PURPOSE: This research study is looking at a biomarker, 11-dh-TXB2, in blood and urine samples from patients with prostate cancer and healthy volunteers.

Description:

OBJECTIVES:

• To identify a potential novel marker of prostate cancer in the blood and urine, 11-dh-TXB2, to be used as a screening tool for prostate cancer as well as in detection of early relapse in patients previously treated for early-stage prostate cancer.

OUTLINE: Blood and urine samples are collected and analyzed for plasma and urinary 11-dh-TXB2 levels by HPLC and tandem-mass spectrometry.

Recruitment information / eligibility

• Status: Completed
• Enrollment: 10
• Est. completion date: February 2011
• Est. primary completion date: January 2011
• Accepts healthy volunteers: Accepts Healthy Volunteers
• Gender: Male
• Age group: 40 Years to 120 Years

Eligibility

DISEASE CHARACTERISTICS:

• Meets one of the following criteria:

• Histopathologically confirmed prostate cancer meeting 1 of the following criteria:

• Newly diagnosed untreated disease

• Received prior local therapy (prostatectomy, definitive radiotherapy, brachytherapy, or cryotherapy) with no evidence of disease activity (defined as serum PSA < 0.4 ng/mL post therapy) and by imaging studies

• Experienced biochemical failure (defined as rise in serum PSA = 0.4 ng/mL post therapy)

• Healthy volunteer (clinic patient with no history of clinically significant malignancies within the past 6 months)

PATIENT CHARACTERISTICS:

• No clinical evidence of liver cirrhosis or chronic liver disease (i.e., evidence of ascites or severe coagulopathy)

• No active prostatitis

PRIOR CONCURRENT THERAPY:

• See Disease Characteristics

• More than 30 days since prior and no concurrent regular antiplatelet agents (including aspirin, anagrelide, cilastazole, clopidogrel, dipyridamole, pentoxiphylline, sulfinpyrazone, or ticlopidine)

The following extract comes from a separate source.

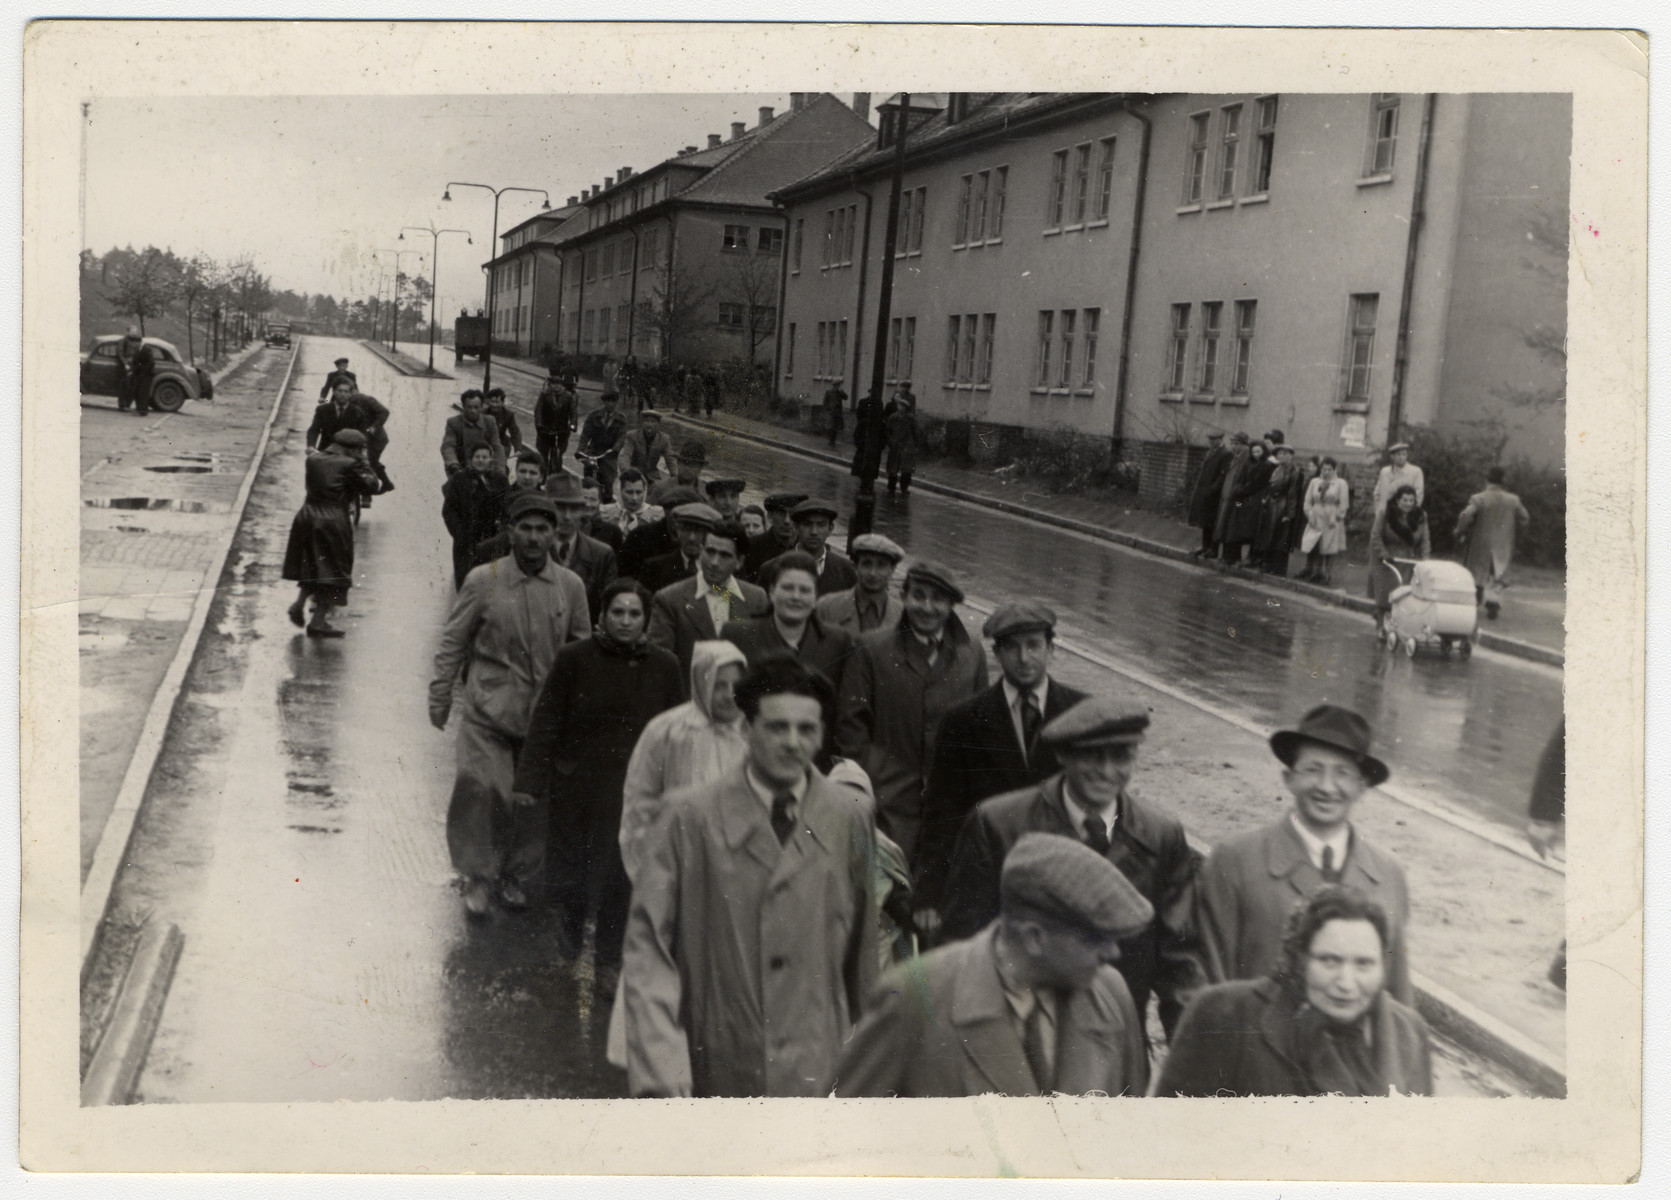 Jewish displaced persons march through the streets of the Bergen Belsen camp.

Among those pictured are Shloime and Sonia Proszkowicz.

• More than 7 days since prior and no concurrent NSAIDs (including ibuprofen, celecoxib, diclofenac, diflunisal, etodolac, fenoprofen, flurbiprofen, indomethacin, ketoprofen, meclofenamate, mefenamic acid, nabumetone, naproxen, oxaprozin, piroxicam, sulindac, or tolmetin)

Study Design

Observational Model: Case Control, Time Perspective: Prospective

Related Conditions & MeSH terms

• Prostate Cancer
• Prostatic Neoplasms

Intervention

Other:
• high performance liquid chromatography

• laboratory biomarker analysis

• mass spectrometry

Locations

Country	Name	City	State
United States	Barbara Ann Karmanos Cancer Institute	Detroit	Michigan

Sponsors (2)

Lead Sponsor	Collaborator
Barbara Ann Karmanos Cancer Institute	National Cancer Institute (NCI)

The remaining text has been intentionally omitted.